AIs not Improving Genetic Algorithm Bullet Shooter Simulation

ImNotKevPlayz · June 1, 2022, 3:33am

So, I’ve been trying to implement a successful Genetic Algorithm for my little bullet shooter game. The rules are simple. There are boxes, each containing 2 AIs that do 1v1s against each other. There is no health, but the fitness of each individual is determined by the number of points scored (number of bullets landed on enemy) and amount of damage taken (-3 fitness if they get hit by an enemy bullet).

The AIs fight each other for 10 seconds, then it performs some basic tournament selection, where it chooses 2 random individuals to fight each other with the victor included in a mating pool. It repeats this process 4 times. Then it picks random individuals in the mating pool and performs crossover & mutation for the next generation.

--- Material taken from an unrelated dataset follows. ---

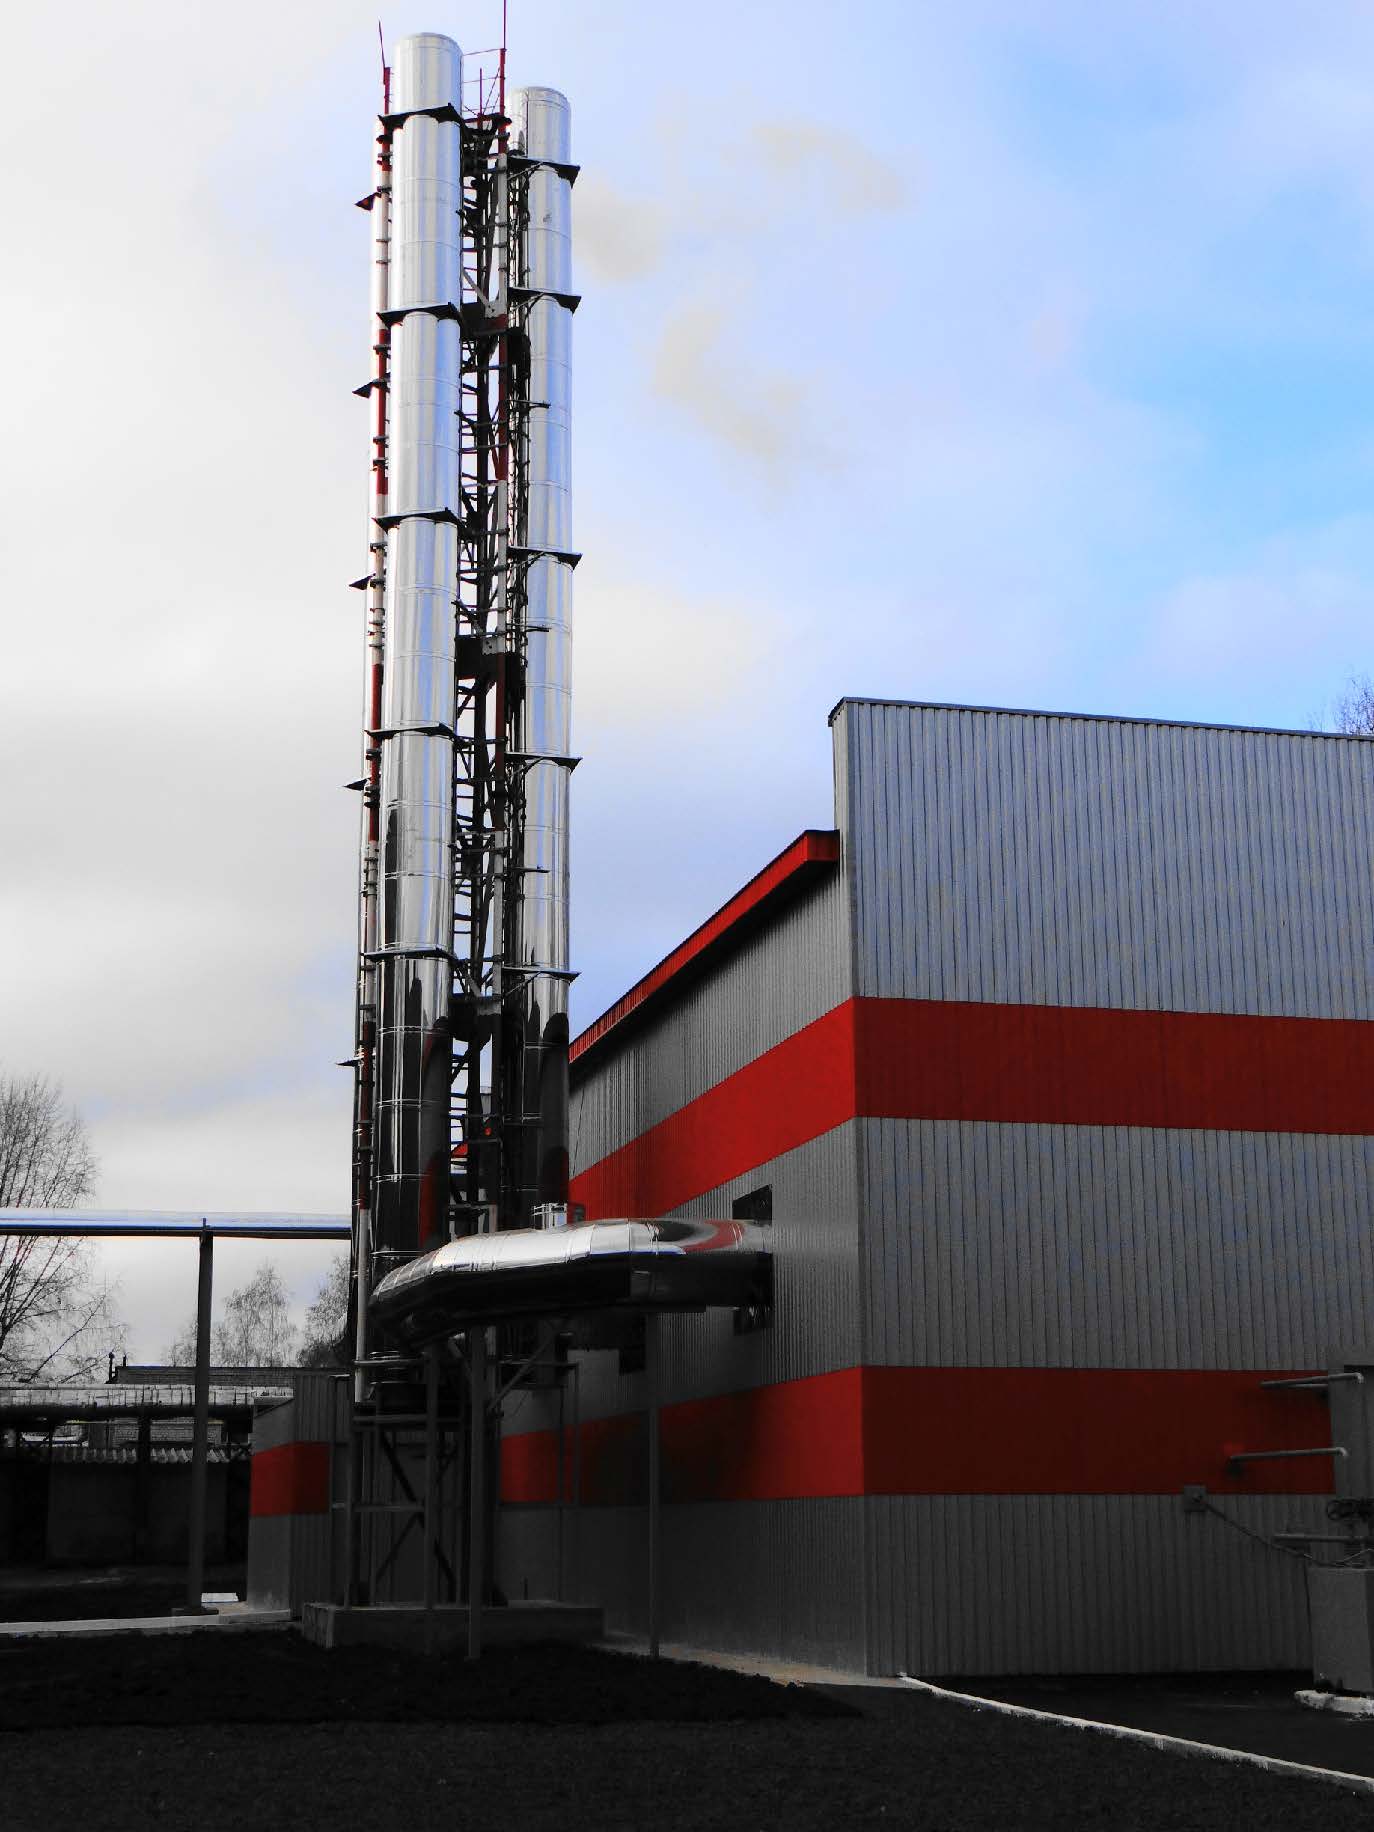 Промышленные дымовые трубы - объект проверки на соответствие стандартам безопасности и экологическим нормам
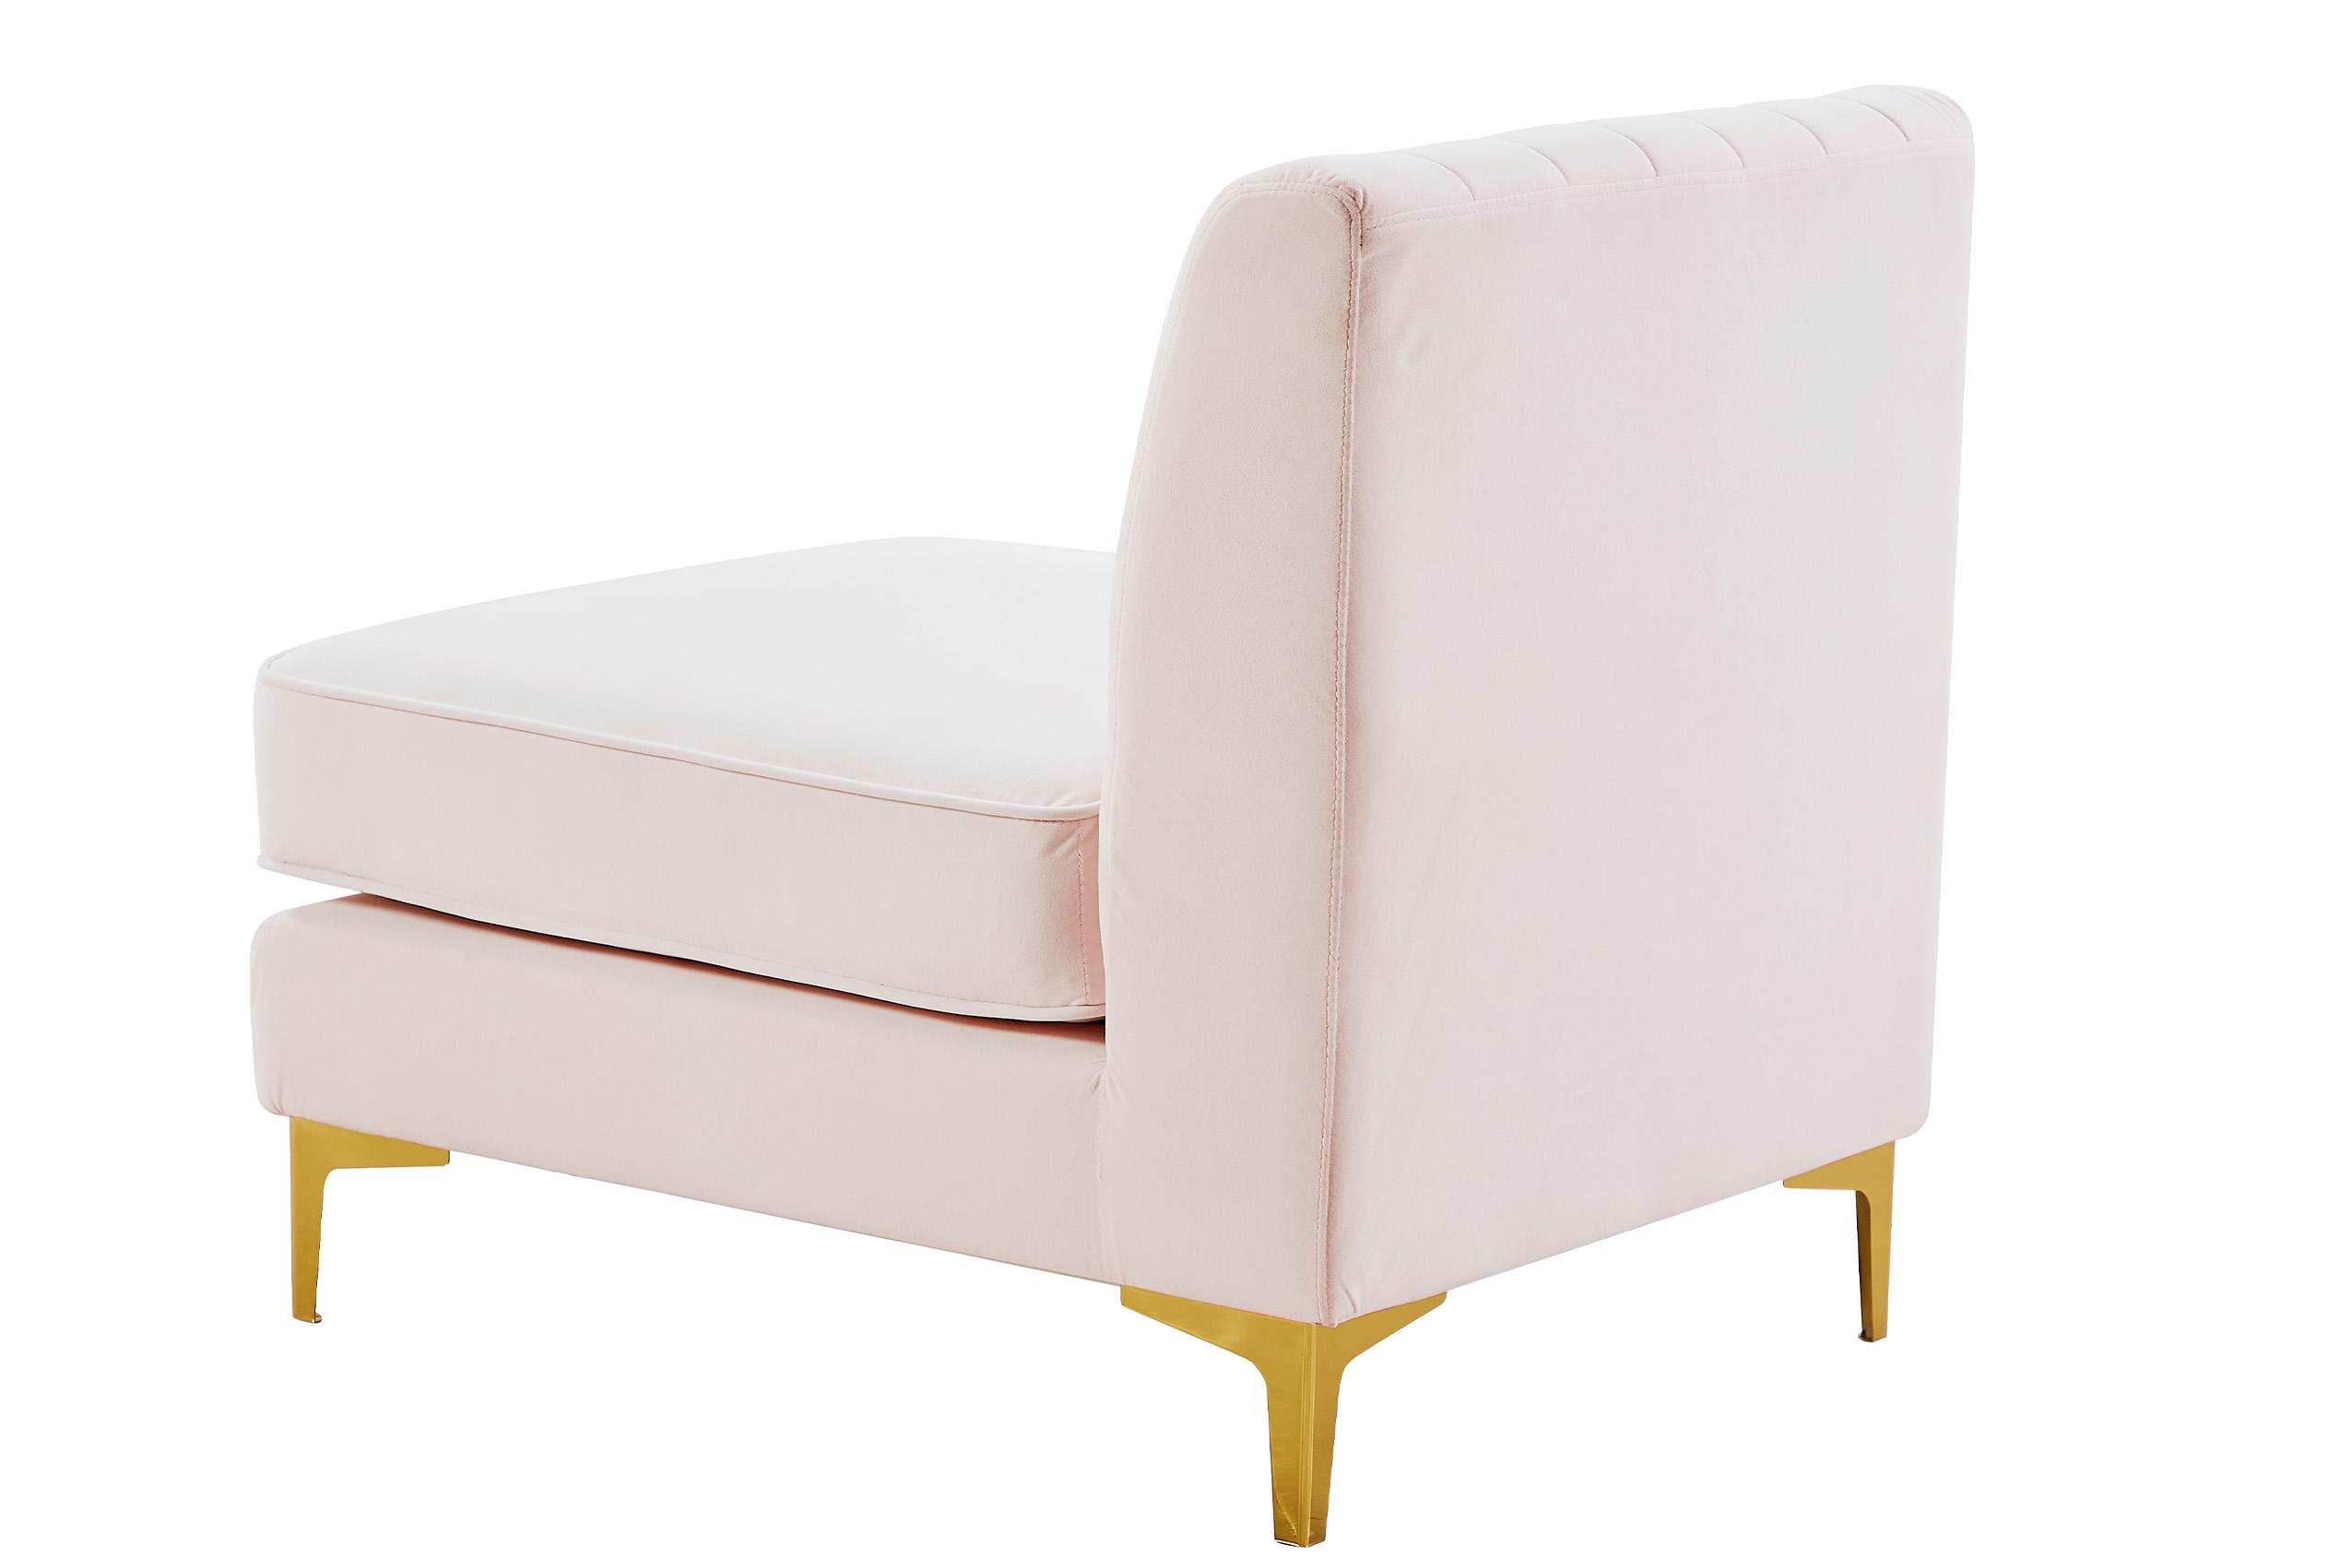 

    
604Pink-Armless Meridian Furniture Modular Armless Chair

The issue is, I left the simulation running for quite a long time and the AIs didn’t seem to improve at all. I think the most likely cause would be the fitness function, but I don’t know a way to resolve this. I’m not sure exactly how to define a good fitness function to evaluate the performance of each individual without it having issues. Right now, the AI seems to value spinning in circles and mass shooting or doing random movements in general.

Video:
https://gyazo.com/d504f4f54ca85928a0abf54aa5dff3a3

nicemike40 · June 1, 2022, 3:40am

Is there any input to the algorithm? Do agents have vision or a concept of where things are?

What do your weights, which you’re training, represent in this model?

Have you tried other values for your fitness function?

It’s hard to help much more without code to see

ImNotKevPlayz · June 1, 2022, 3:51am

Hi, thanks for the reply. The agents have 15 inputs. The first 12 are little lines that detect things such as bullets or the enemy. Here is an image to demonstrate what I mean:
Screenshot 2022-05-31 234303
The last 3 inputs are:
CanShoot - Tells the AI whether it can shoot or not
DifInX - The difference in “X” or really just a standardized absolute value difference in the Z axis.
DifInY - Difference in “Y” or again a standardized absolute value difference in the “X” axis.

What do your weights, which you’re training, represent in this model?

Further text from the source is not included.